Only now are we becoming aware of having failed to choose a platform or
promises which would have entitled us to demand to know what has been actually
accomplished. We chose people, individuals we liked, and the masses are
fond of politicians they can see as like them. This is yet another lesson
in democracy we have to learn the hard way, and the awful thing is that
this society could fail to learn it and again elect unprofessional and
incompetent "leaders" who don't keep their promises.

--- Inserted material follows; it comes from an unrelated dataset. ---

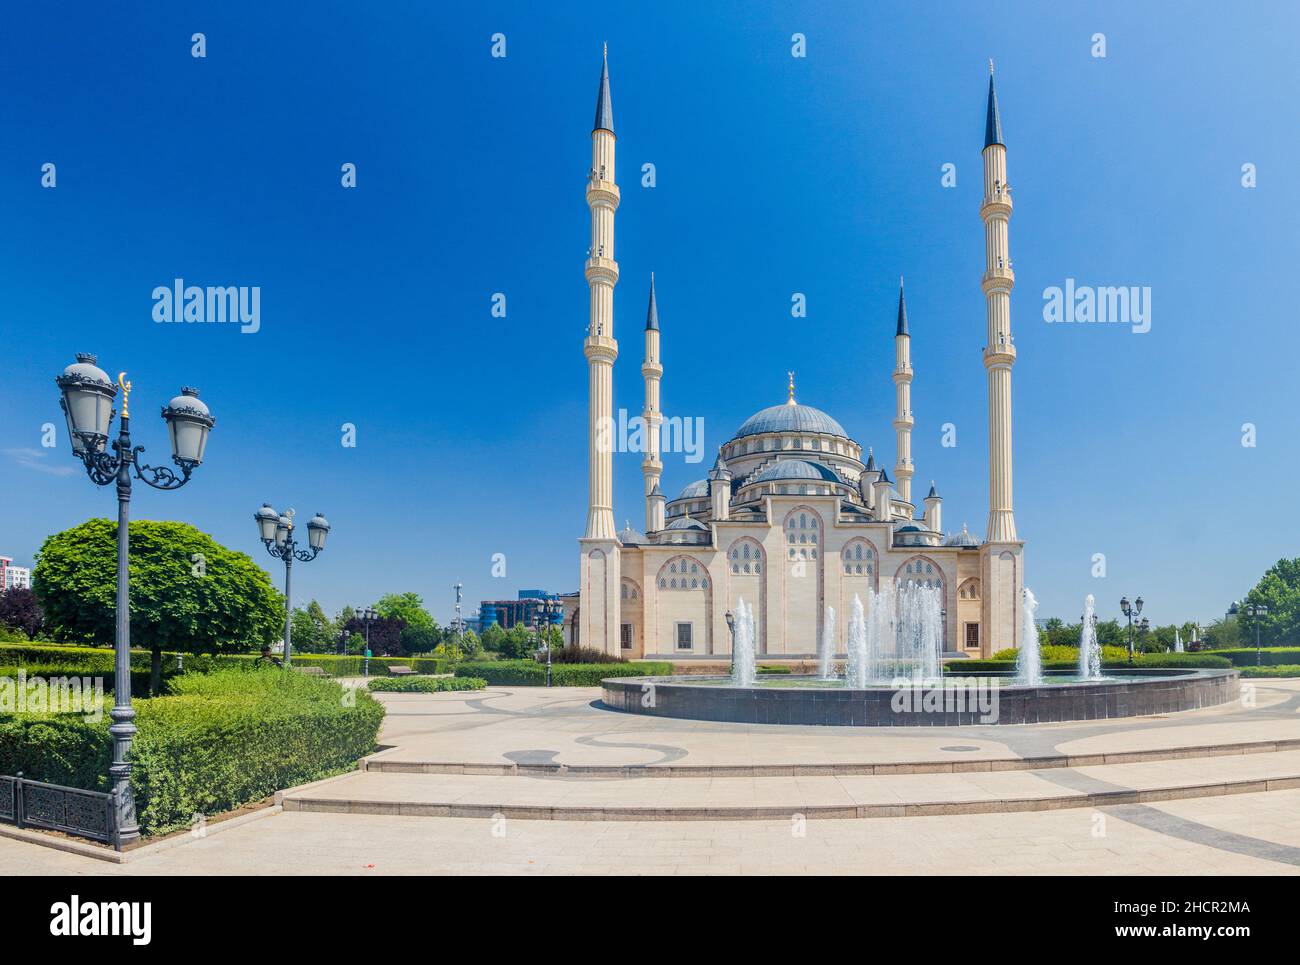 Akhmad Kadyrov Mosque officially known as The Heart of Chechnya in Grozny, Russia Stock Photo

The Day: How do you see the role of the intelligentsia in
this process? It has always acted as an intermediary between the ideology
of power and mass consciousness.

M. P.: A musician trying to be President yields nothing. In Ukraine,
there hasn't been even a brief period when those in power would listen
to the intelligentsia. Unfortunately, our current politicians do not understand
the important role that could be played by that middle intellectual stratum,
all those teachers and doctors who are simply disappearing and often simply
refuse to play any political role. For us the most important thing is not
that we can't eat enough varenyky. People find it hard to survive not only
because they are hungry. I lost this feeling in my junior year of university,
but I have always wanted to eat. I had come to Kyiv wearing a pair of kersey
boots and a shepherd's coat. My father never came back from the front and
mother was a village schoolteacher. Yet I cannot even compare that situation
to what we have today. We were charged with eager expectations, illusory
ones as it turned out, but we all felt that life was just beginning for
us. Now people feel as though their life is ending. Hence their pain. I
don't use the subway, because I can't bear the sight of homeless begging
children. Old people with outstretched hands is one thing, although not
a single civilized society allows its elders to live in such downright
misery, but when children go around all the time with their hand out, this
is unforgivable.

And the same applies to my regular cooking appearances in the "Breakfast
with 1+1" television show. Letters come from villages where the electricity
has been cut off, and the hours they spend in front of the television is
their window on the world. They want to share with that world, so they
offer home recipes. This is hard to overestimate. Their recipes are very
simple, because their authors have nothing special. And now and then we
receive extraordinarily complicated ones, although it is obvious that the
authors are by no means aristocrats. People still crave the good things
in life. Despite it being hard to live, they want beauty.